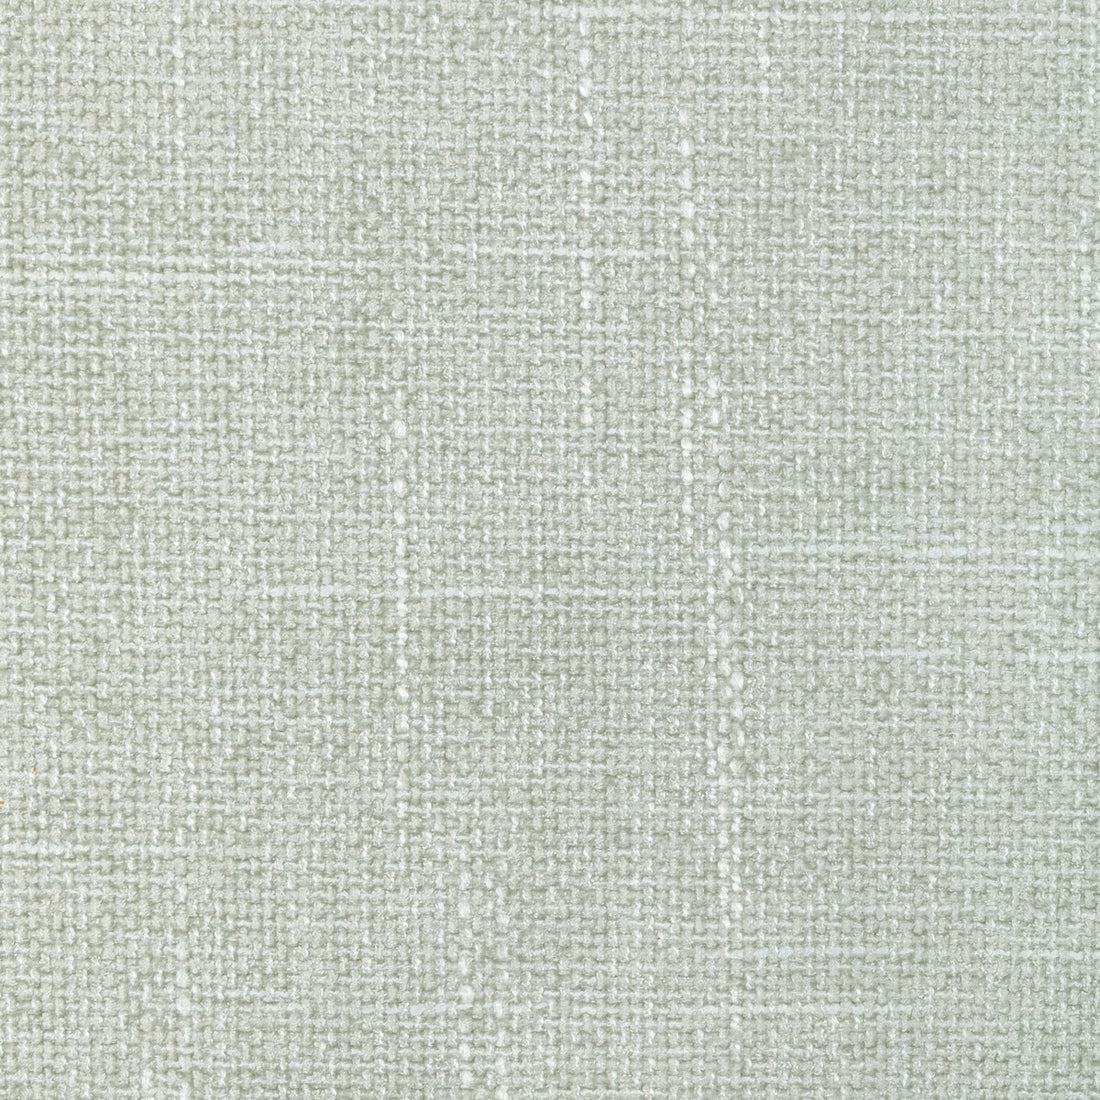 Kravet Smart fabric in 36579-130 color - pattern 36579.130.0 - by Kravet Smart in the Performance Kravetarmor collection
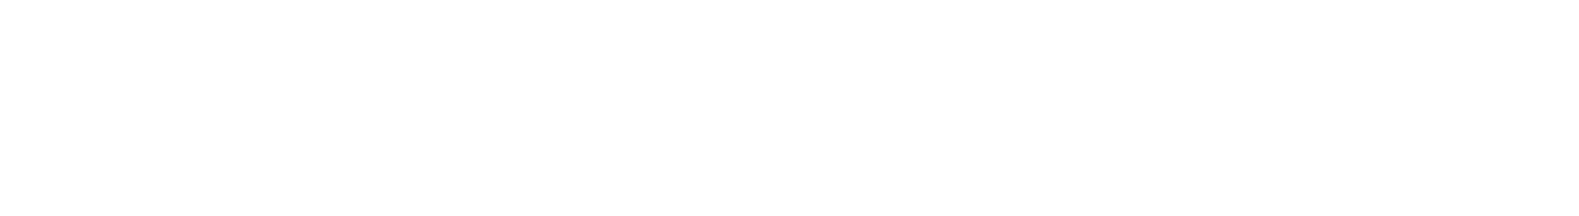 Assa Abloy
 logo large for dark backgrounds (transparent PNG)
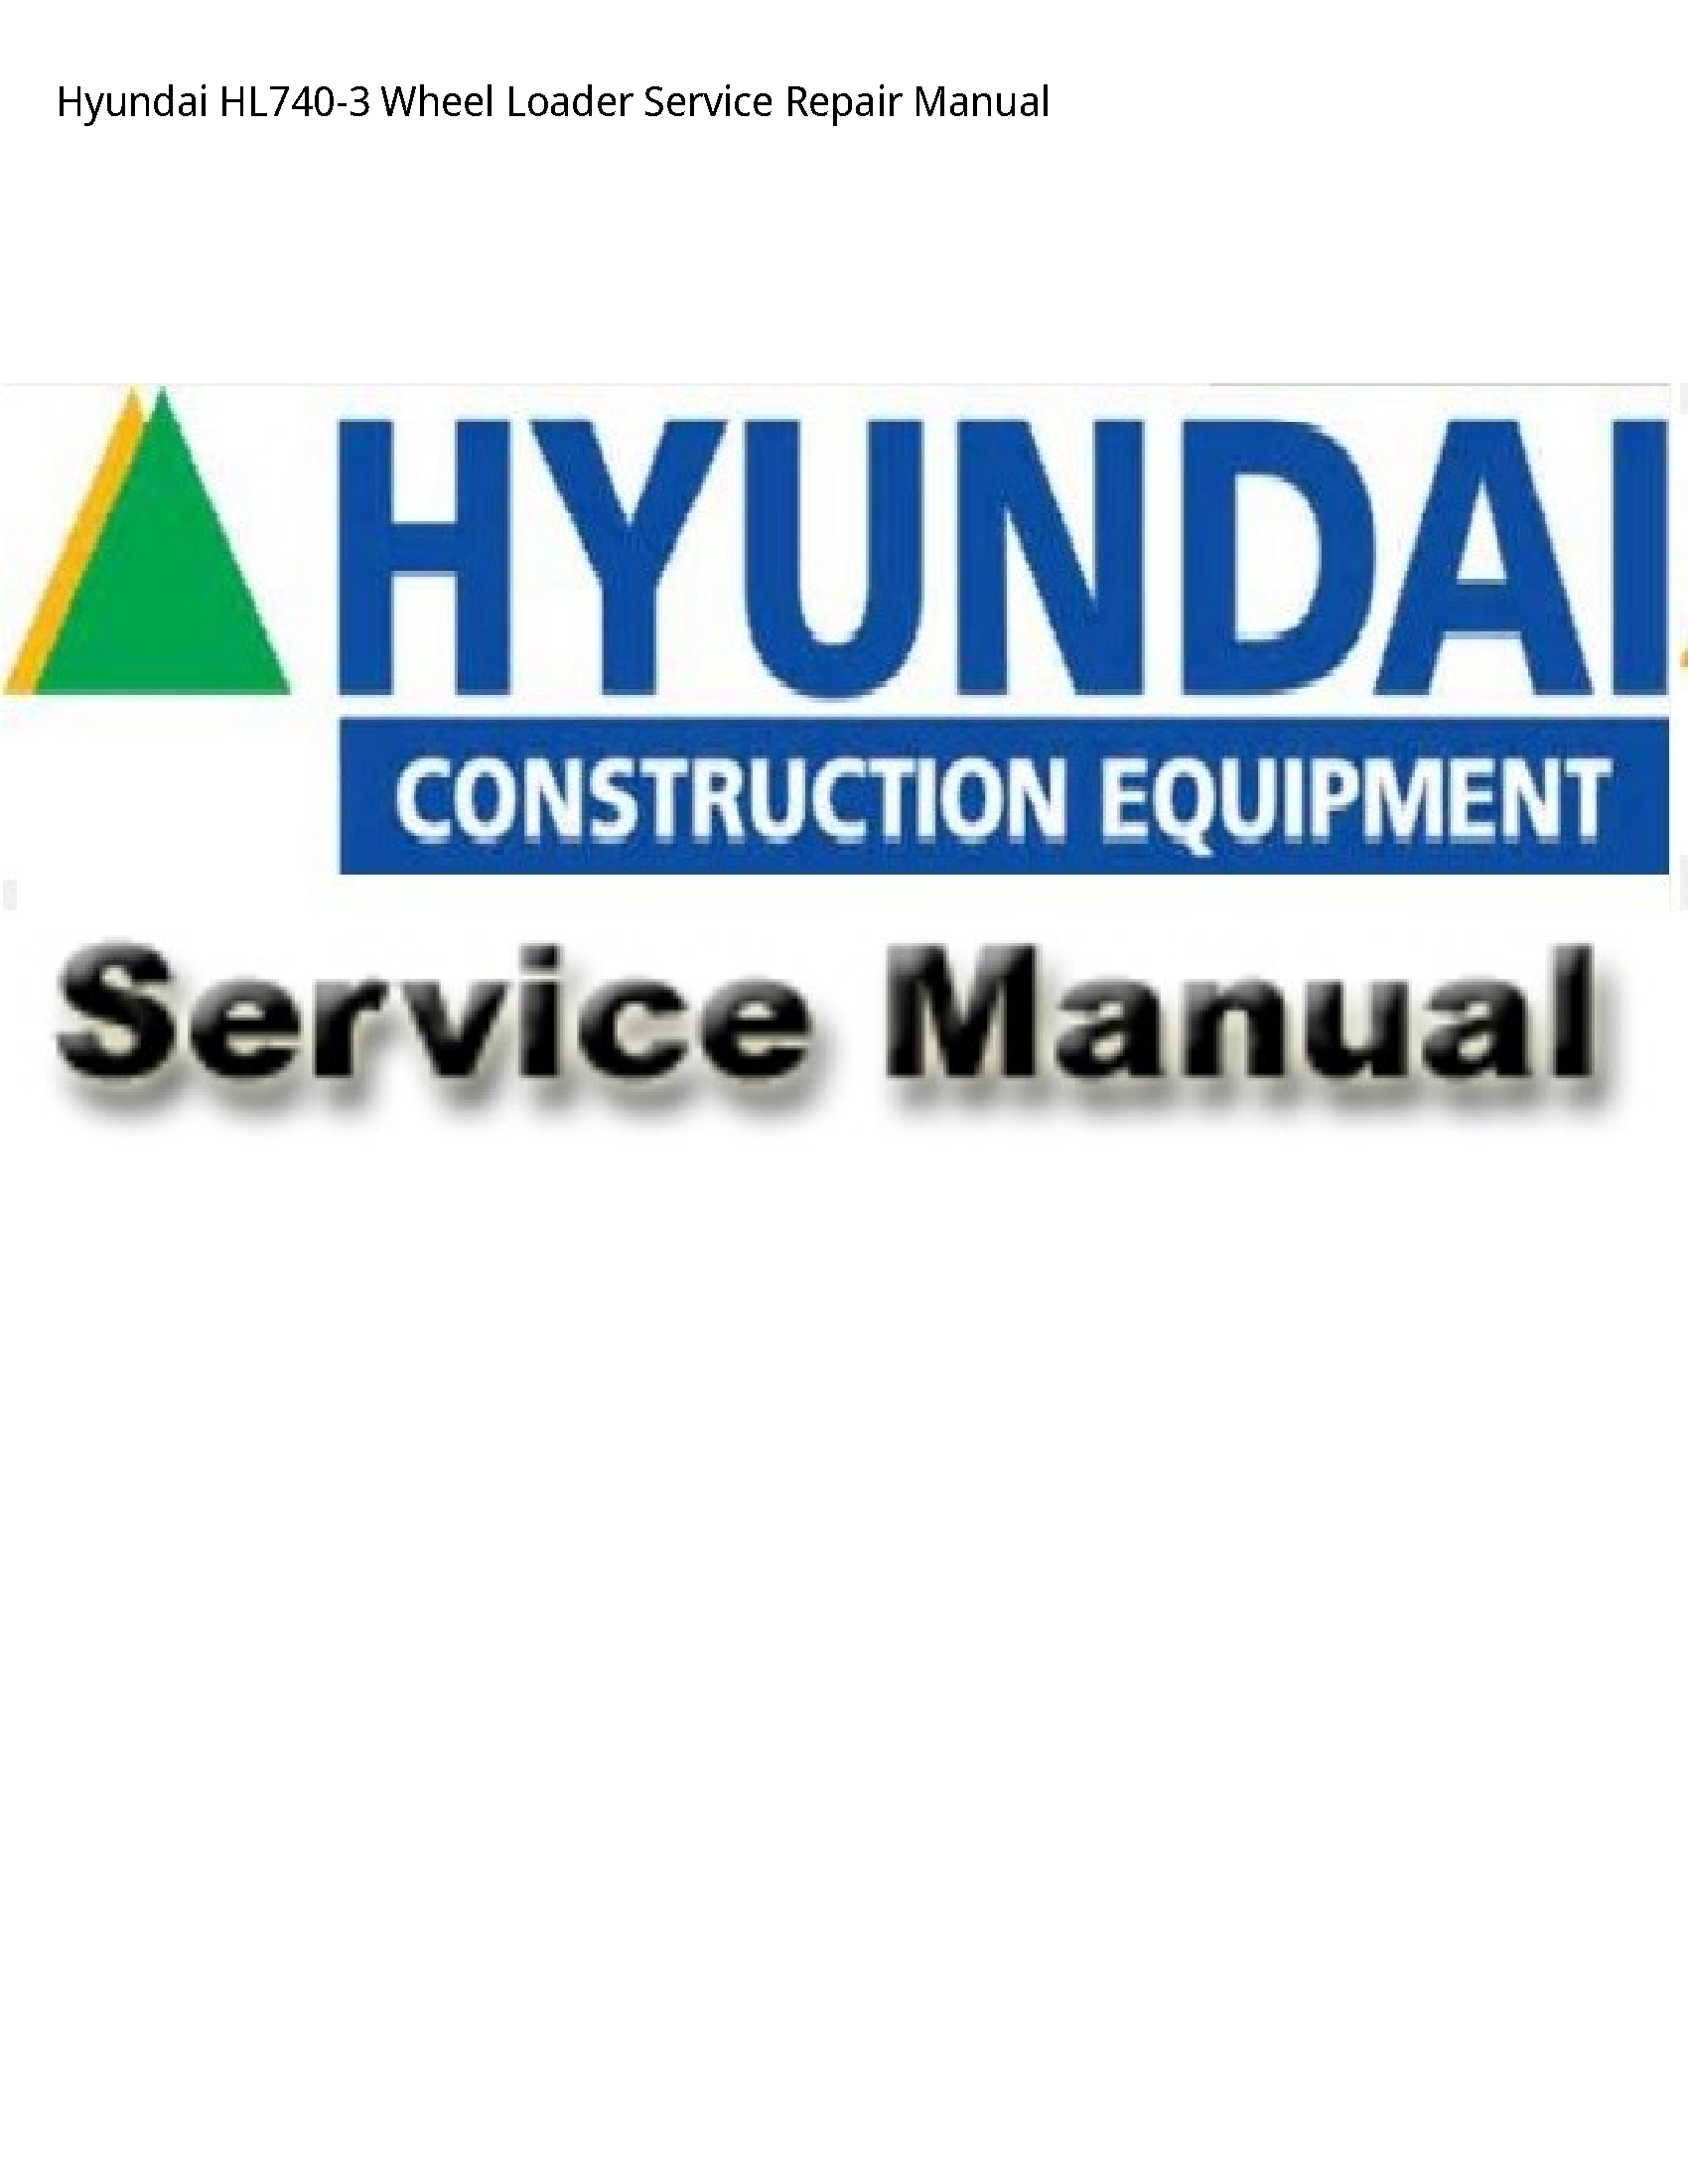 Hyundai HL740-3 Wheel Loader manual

**Problem requirements**
Restate the listing word for word. Pictures do not belong in the copy.

**Response**
 Kravet Smart fabric in 36579-130 color - pattern 36579.130.0 - by Kravet Smart in the Performance Kravetarmor collection
 Assa Abloy
 logo large for dark backgrounds (transparent PNG)
 Hyundai HL740-3 Wheel Loader manual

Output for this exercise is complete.